What is needed. What you write must be the listing below in full, word for word, minus its pictures.

Material provided.
#####
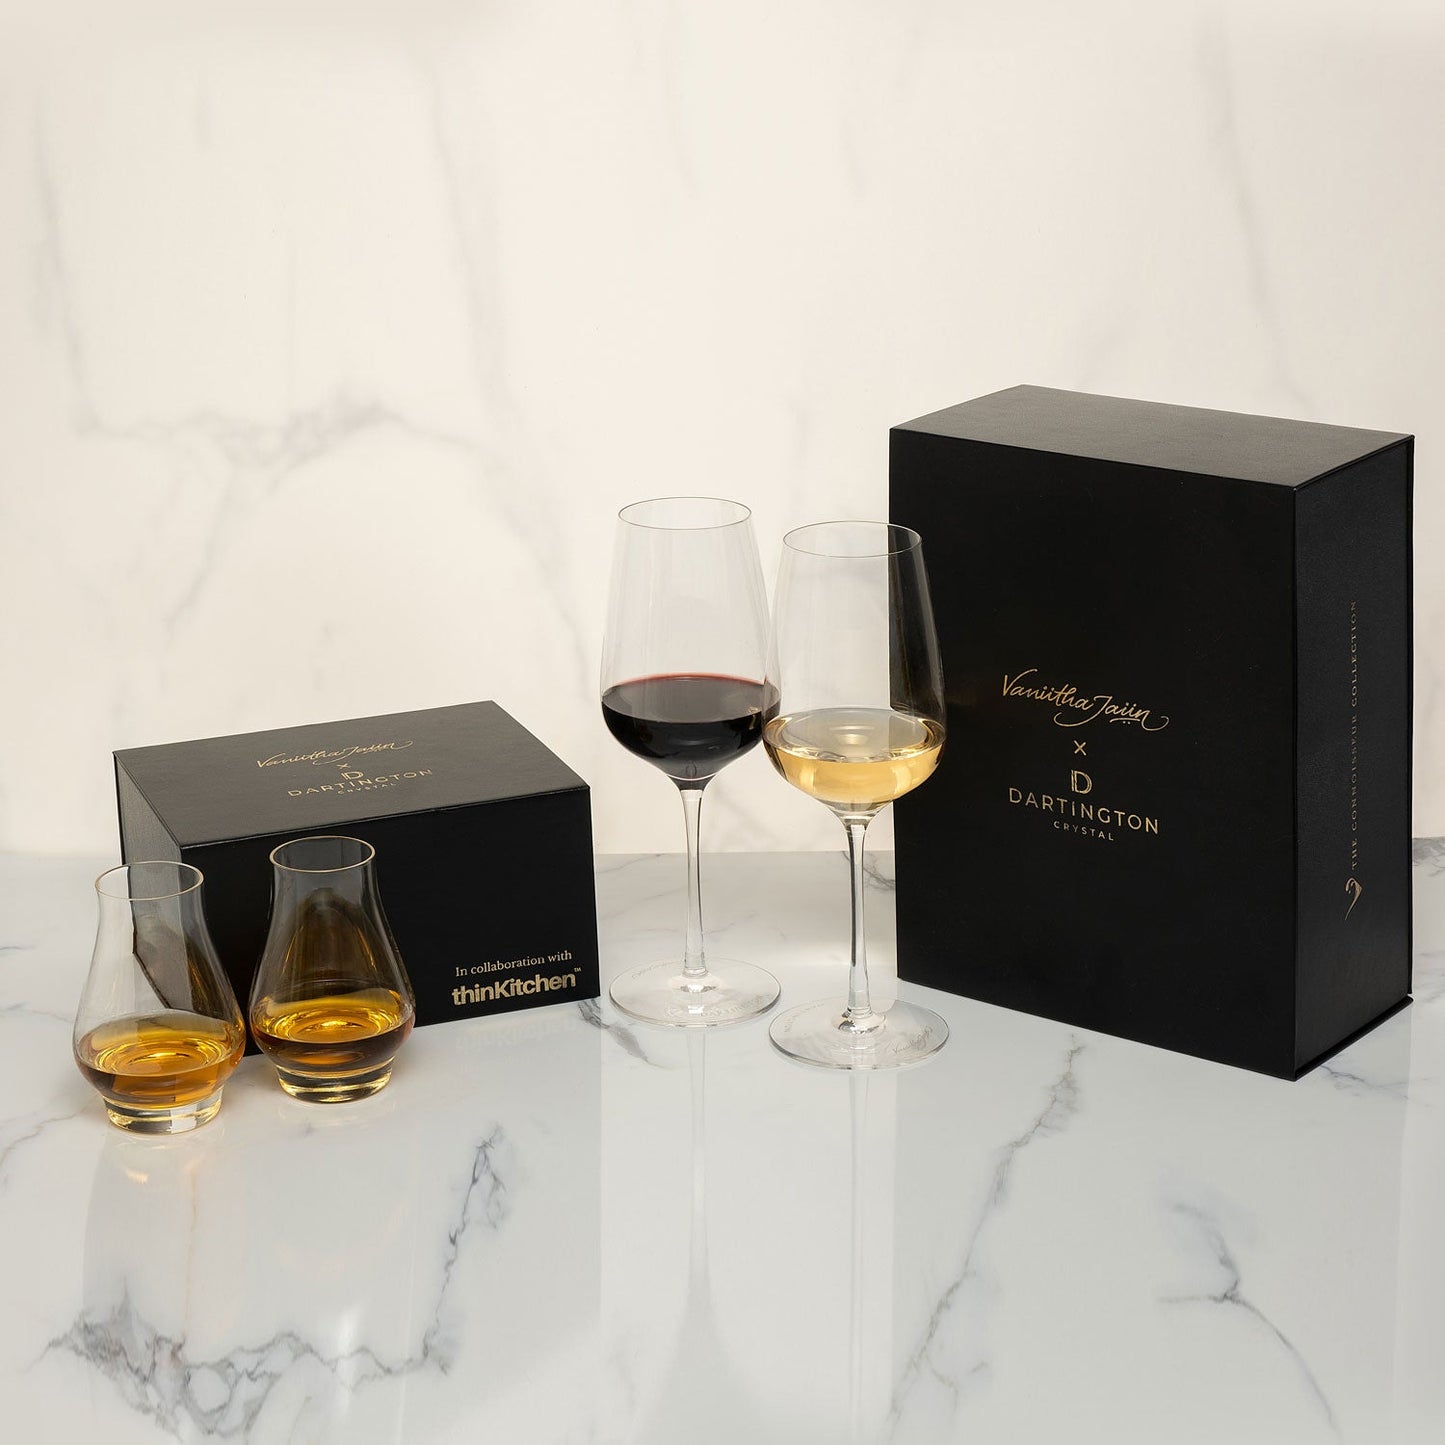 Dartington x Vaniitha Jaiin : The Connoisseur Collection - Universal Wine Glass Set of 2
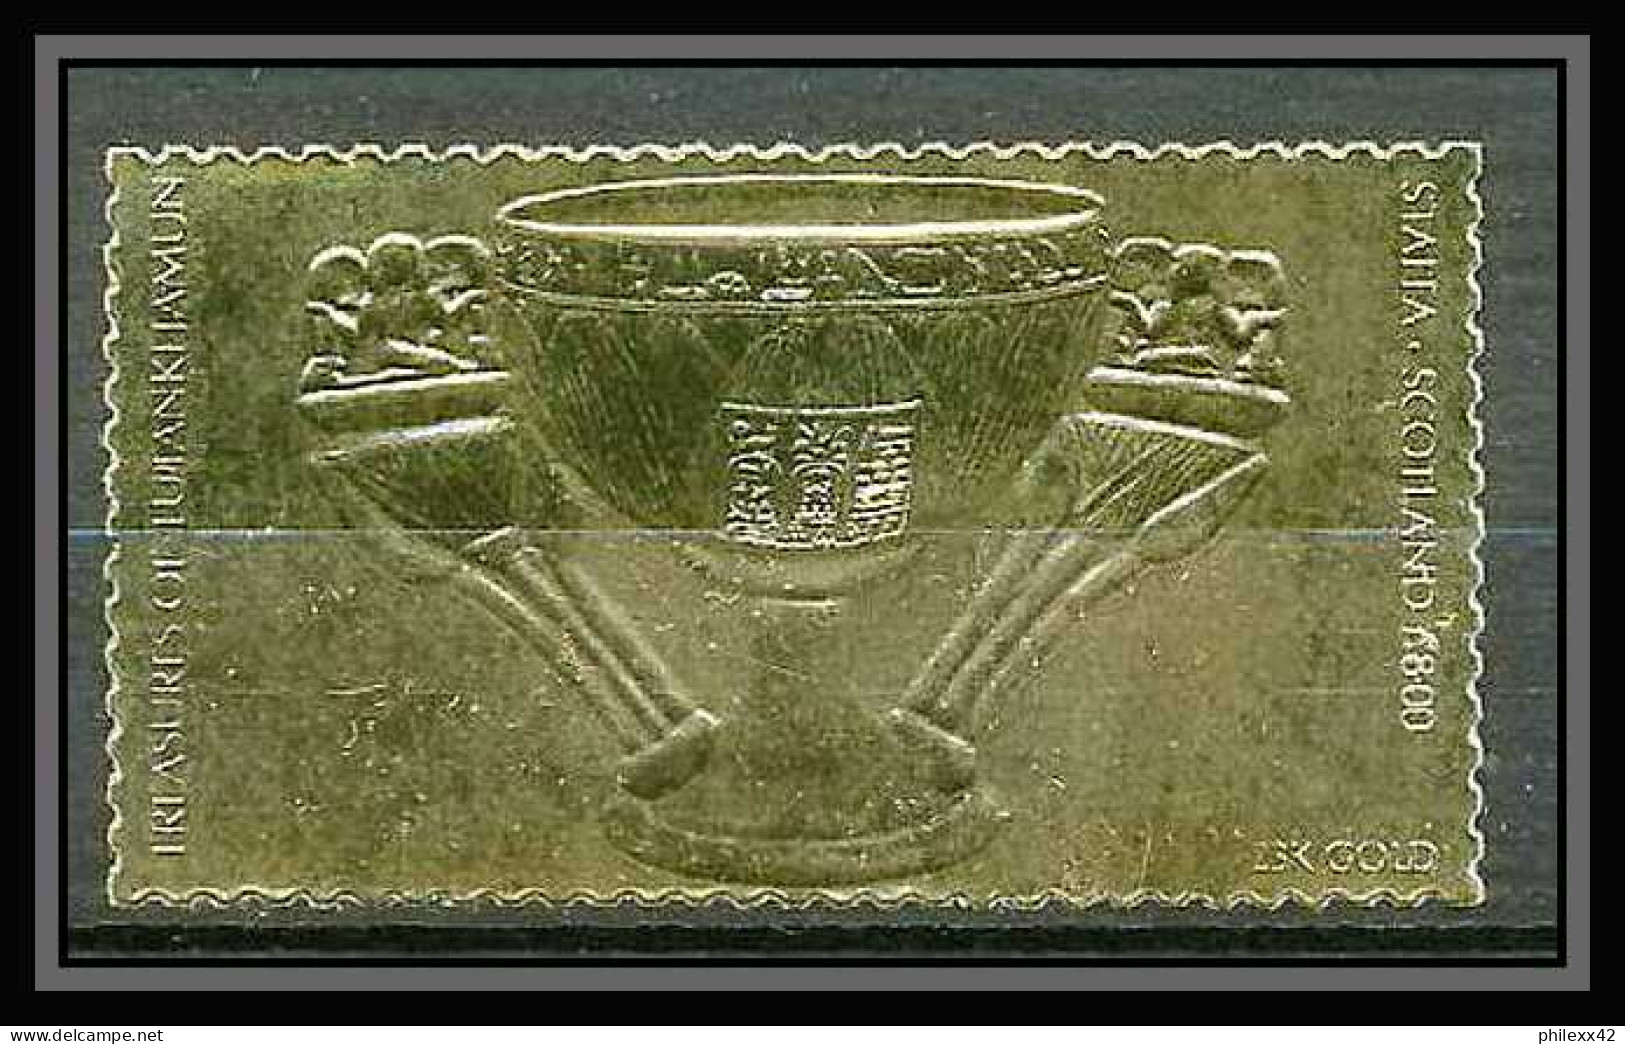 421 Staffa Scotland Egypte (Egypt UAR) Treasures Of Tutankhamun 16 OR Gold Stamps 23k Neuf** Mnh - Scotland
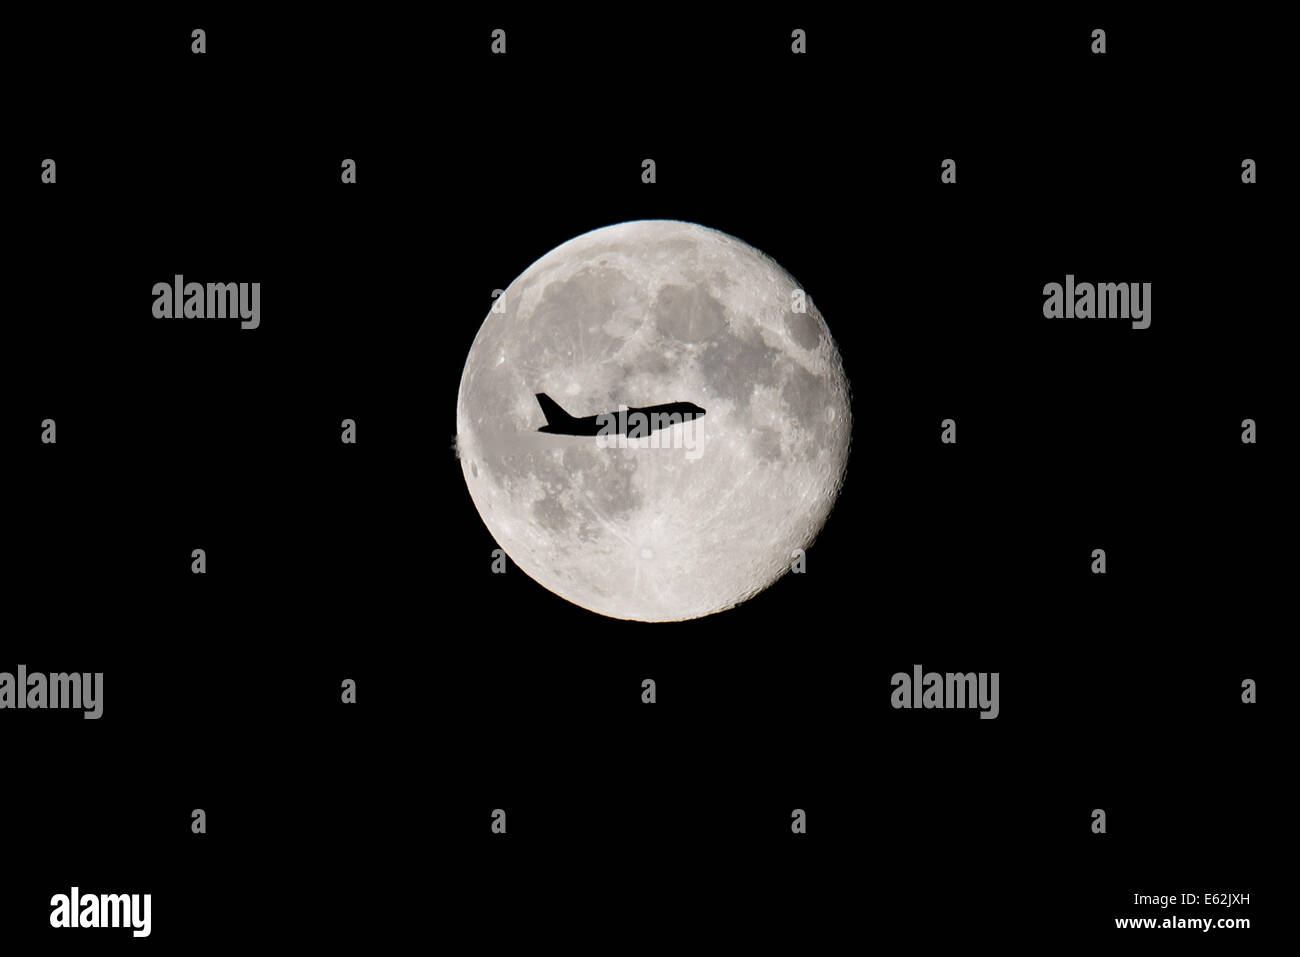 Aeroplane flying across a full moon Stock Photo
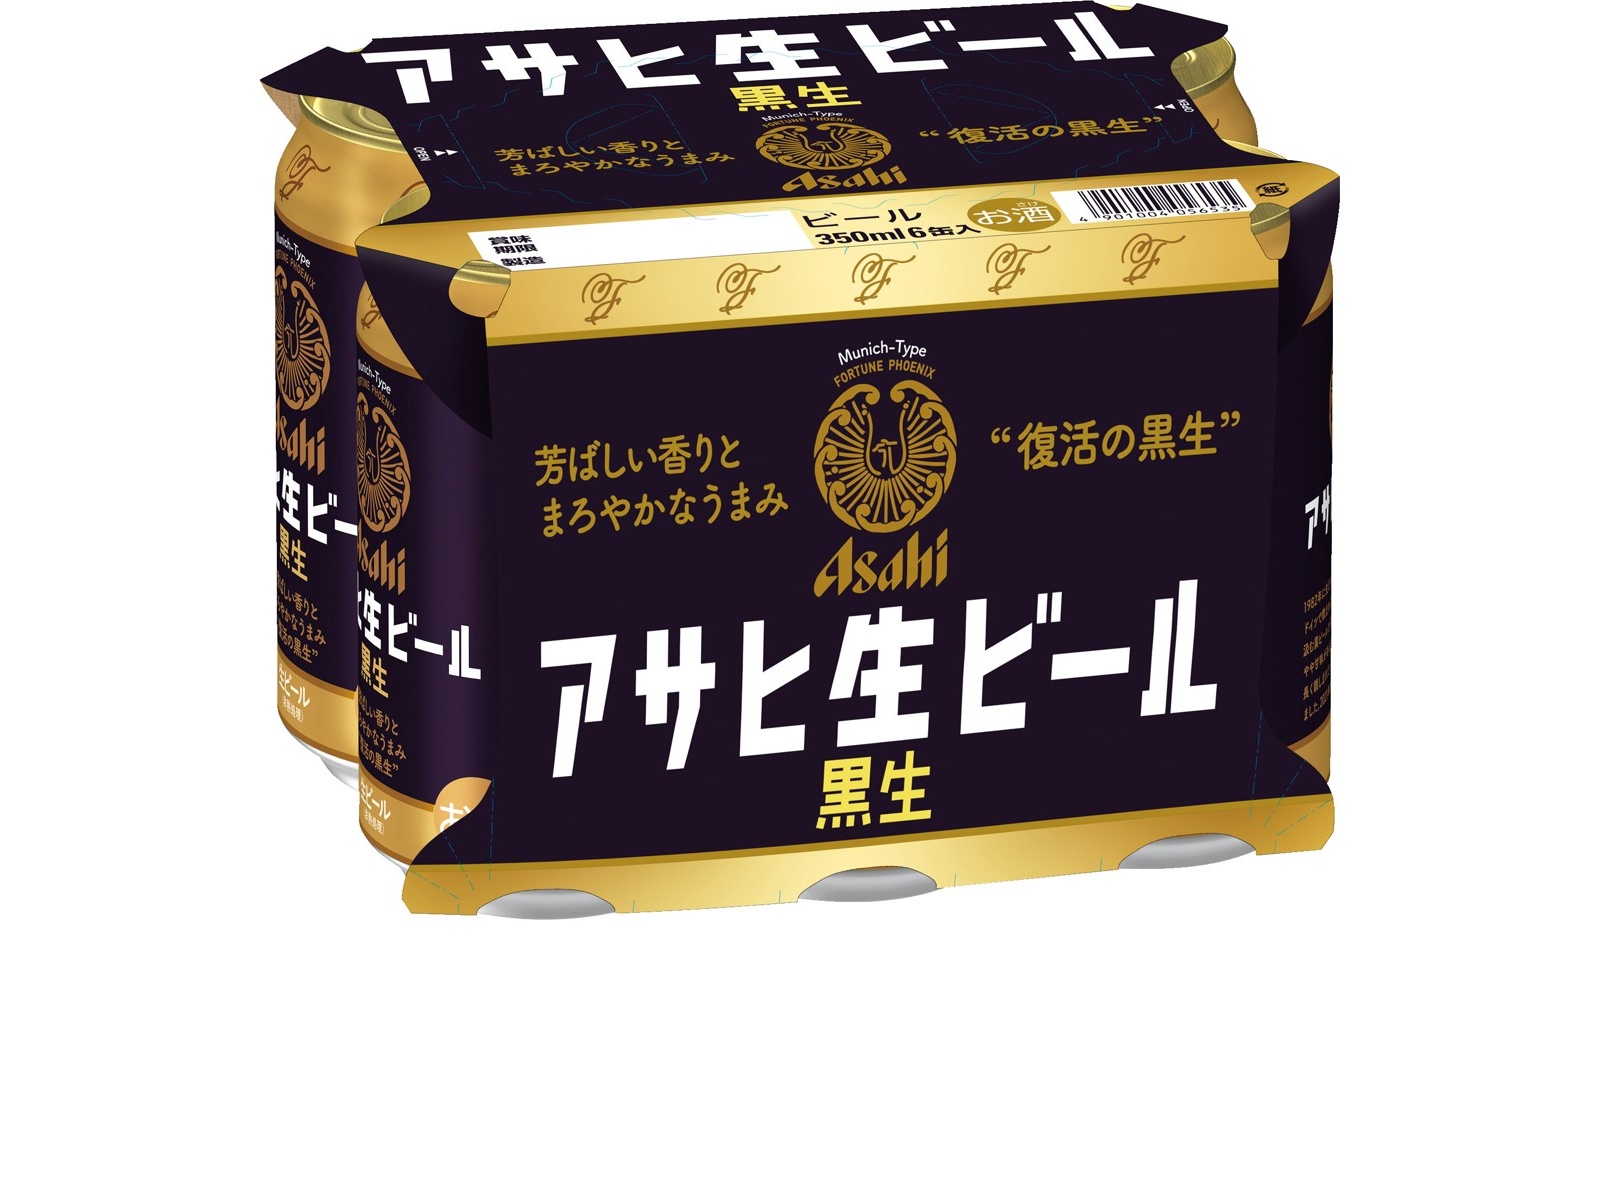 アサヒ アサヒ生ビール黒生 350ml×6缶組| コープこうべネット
#####
Task output.
 Dartington x Vaniitha Jaiin : The Connoisseur Collection - Universal Wine Glass Set of 2
 421 Staffa Scotland Egypte (Egypt UAR) Treasures Of Tutankhamun 16 OR Gold Stamps 23k Neuf** Mnh - Scotland
 Aeroplane flying across a full moon Stock Photo
 アサヒ アサヒ生ビール黒生 350ml×6缶組| コープこうべネット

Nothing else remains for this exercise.